Once, the idea of turning 30 filled Tyra Randle with dread.
It seemed so old, an age that marked an ending, rather than a beginning. But now, as that November day draws near, Randle is ready to celebrate.
“I’m just happy to be here,” she says.
In January 2020, Randle was shot eight times by her ex-partner. Lying on the bed, desperately hoping help would arrive soon, her mind could not process what had happened to her body—all she could think about were her children, two-month-old Karter and 11-year-old A’Niah. She prayed that she would not die and leave them alone.
A few days later, Randle woke up in an intensive care unit and realized she had survived—and that she was paralyzed.
“I had a lot of emotions,” she says. “I was crying. I was like, ‘How am I going to do this?’ But I also had to be grateful. I had asked God to save me. And I was still here, and able to be with my kids.”
Every day, Randle forced herself to focus on what she could control. Her biggest fears stemmed from an inability to imagine what life looked like with a T11-T12 injury. She couldn’t conjure the future, but as a longtime certified nursing assistant with experience in rehabilitation units, Randle knew the work she did in the present would matter dearly.
“I was very, very determined,” she says. “I knew the most progress happens in the first 12-18 months, so I would go hard, doing all three hours of my therapy. I wanted to show my kids, especially my daughter, that no matter what, I was going to fight to do the best I could for them.”
With each new milestone—brushing her teeth, bathing herself—Randle felt stronger. Allowing herself to accept help for the tasks she could not yet do took more time.
“I had always been the helper and the strong friend,” she says. “To sit there and be vulnerable and have people help me was kind of hard. I just kept telling myself, ‘Tyra, all these people helping you now is just showing how much you have helped other people, and how much they love you back.’”

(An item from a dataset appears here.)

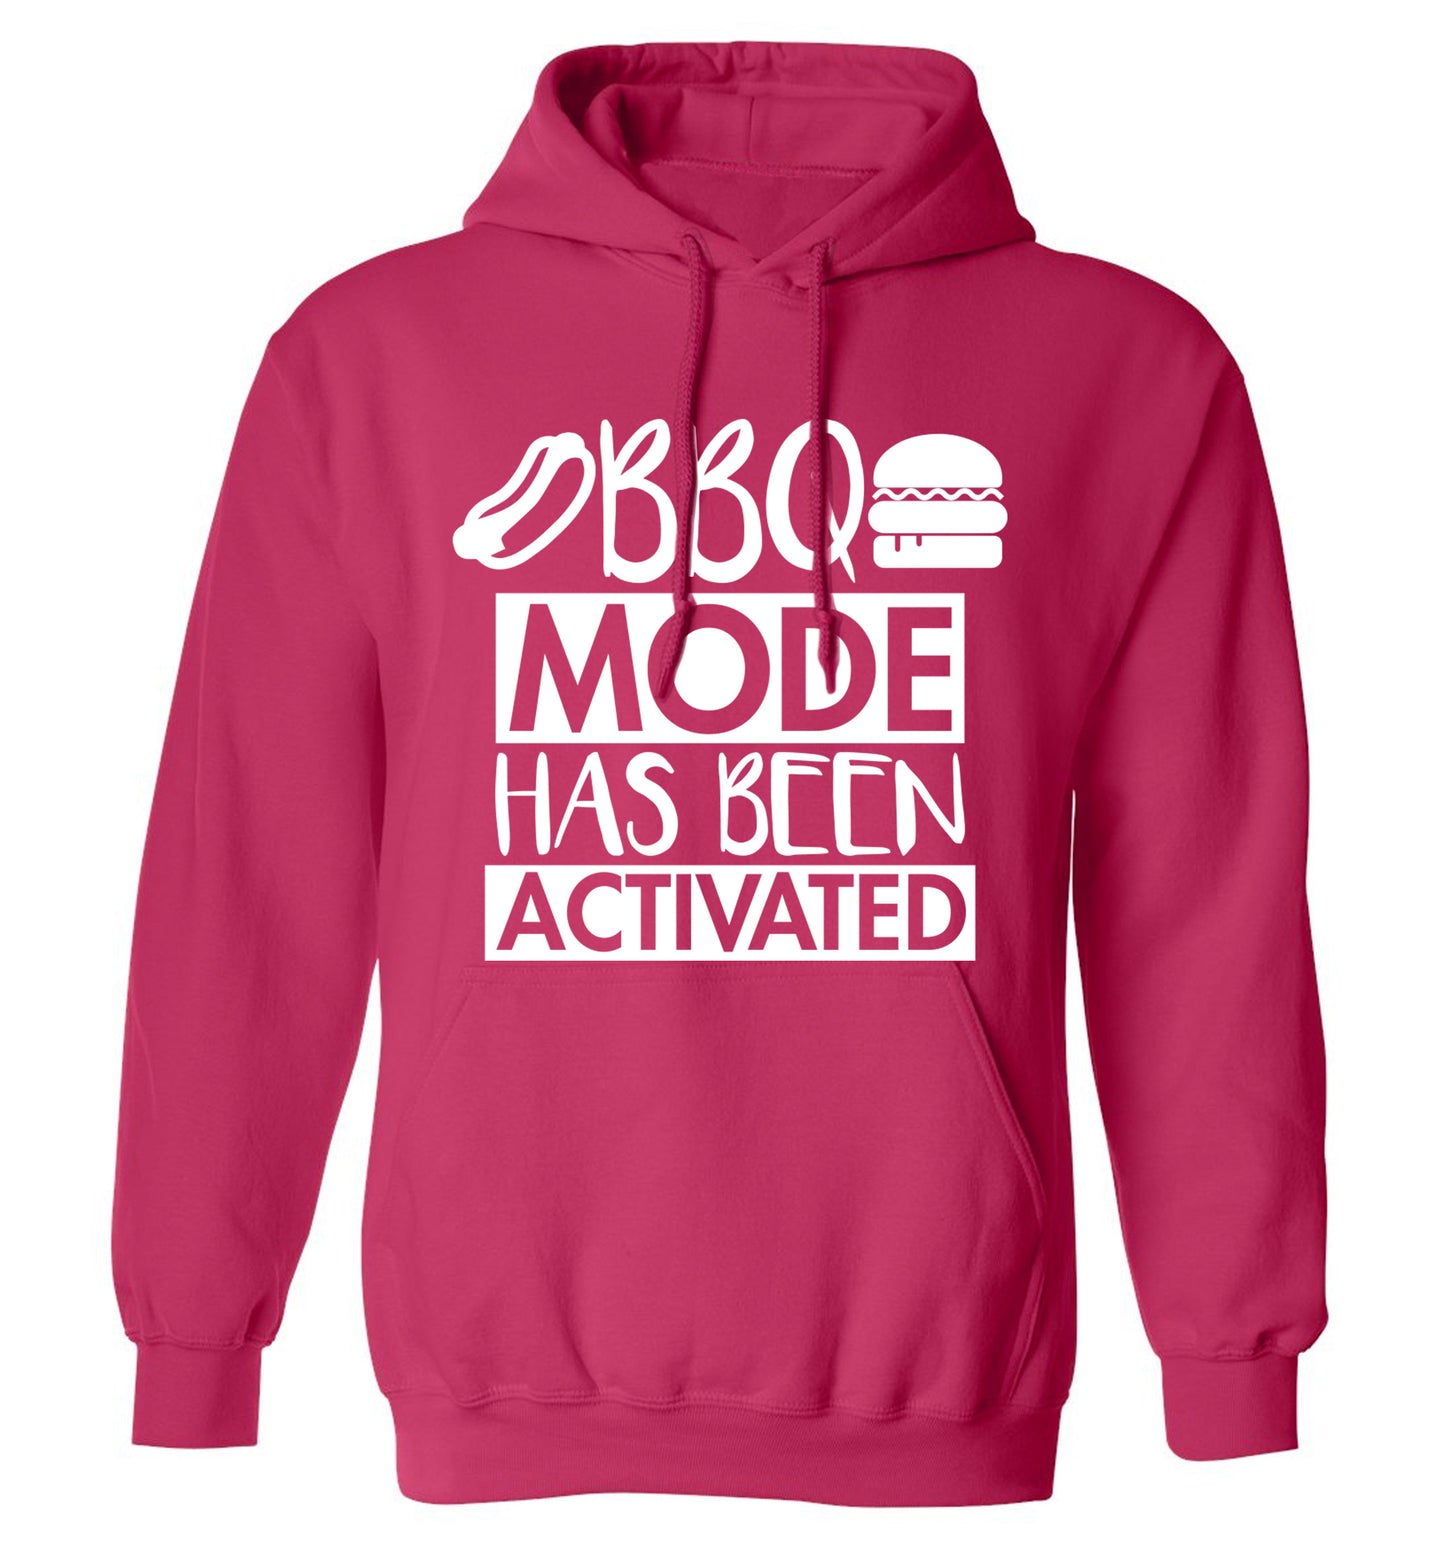 Bbq mode has been activated adults unisex pink hoodie 2XL

“The biggest challenge was when I left rehab,” she says. “I did not want to leave. I was terrified of getting out on my own in the real world, working and living and doing things. Really terrified.”

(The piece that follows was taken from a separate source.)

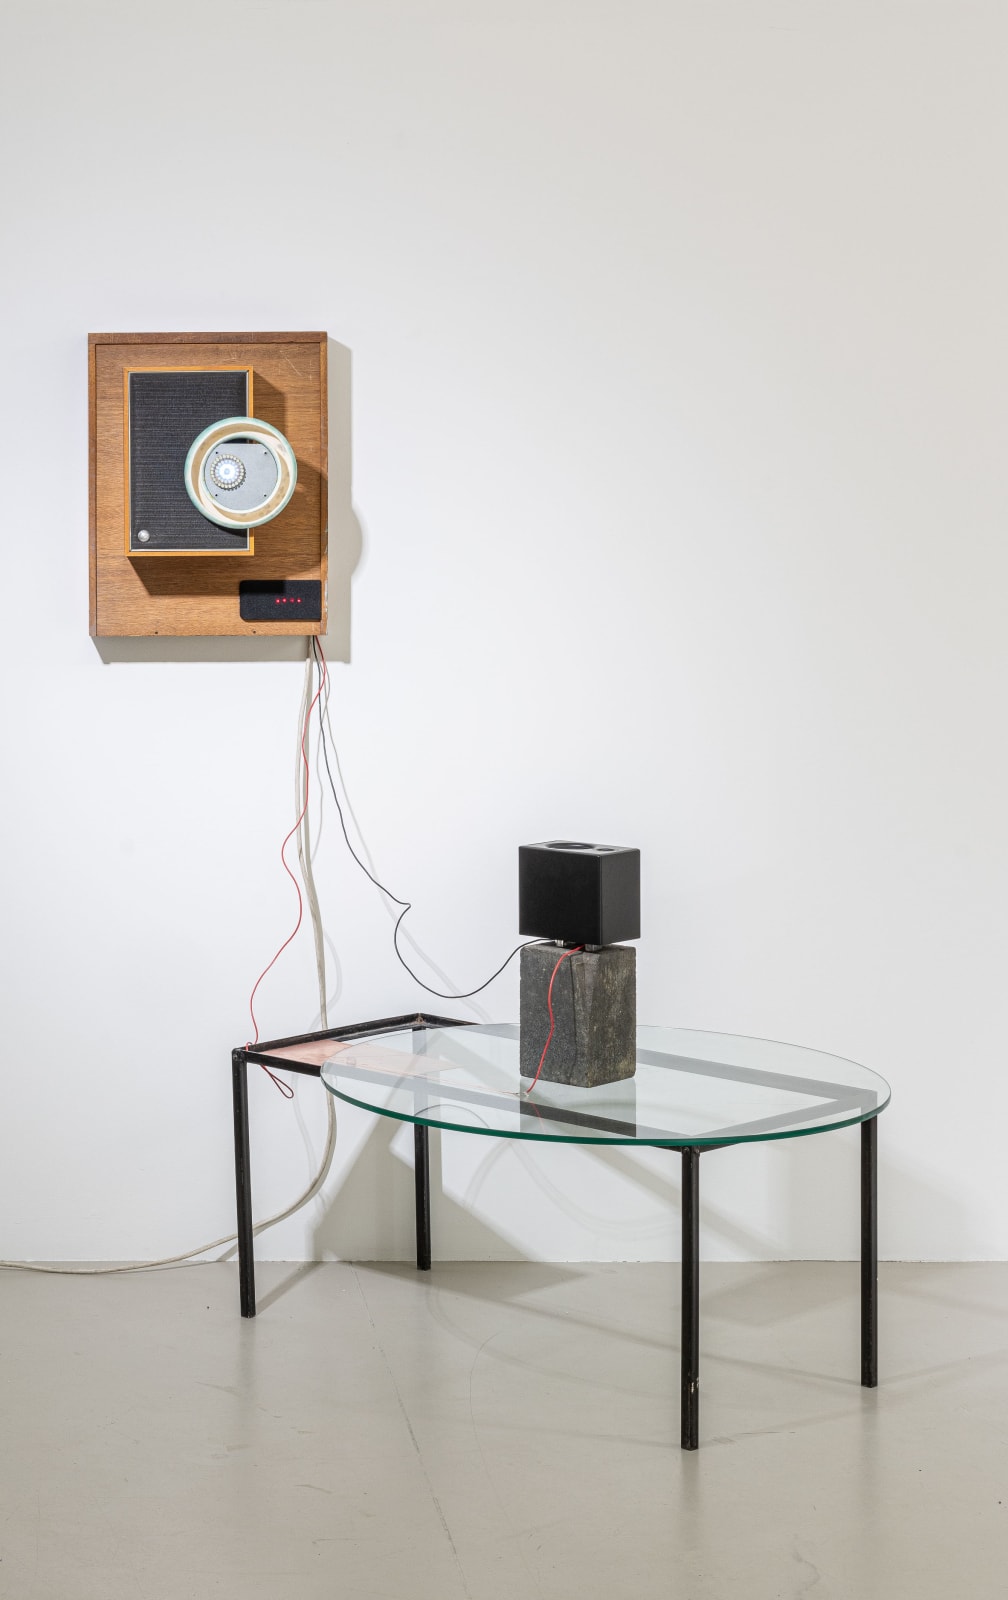 Haroon Mirza, Untitled Song #2, 2012

But Randle again thought about her children.
“They were constantly my main concern,” she says. “I knew I just had to get out there and be persistent and try not to be scared.”
She moved home but resisted the temptation to simply stay in her apartment. She took trips to Target and Walmart, using the wide aisles to practice moving through the world in her wheelchair. She visited the mall with Karter strapped across her lap and maneuvered through crowded school gymnasiums to watch A’Niah play volleyball.
And she returned to work, not as a nursing assistant but as a floating secretary at the hospital. As with every new effort after the injury, Randle was initially nervous. But as she began helping with the hospital’s COVID unit and serving as an extra set of hands for the nurses, she felt her old sense of self bubble up.
“When the nurses need something, I’m there,” she says. “I’m a little shorter and on wheels, but it’s ok. I roll around and I help, and I’m like “’I got this.’”
Some challenges over the past year and a half have been harder to conquer. Randle’s apartment was not accessible, so she could not easily shower or fit with the wheelchair in the bathroom where she used to bathe Karter—a loss that has pierced her. But, after a long and frustrating search, she recently found a home that will accommodate the shape of her new life.
“I’ll probably cry when I give him that first bath,” she laughs. “It’s going to be ok.”
Randle reminds herself to be patient; she has learned that the emotional recovery from both the spinal cord injury and the violence that caused it is complicated. She struggles with anger, with being stared at, with the frustrations of navigating a frequently inaccessible world. She practices devotionals and listens to sermons when she feels sad. Therapy twice a week helps, too.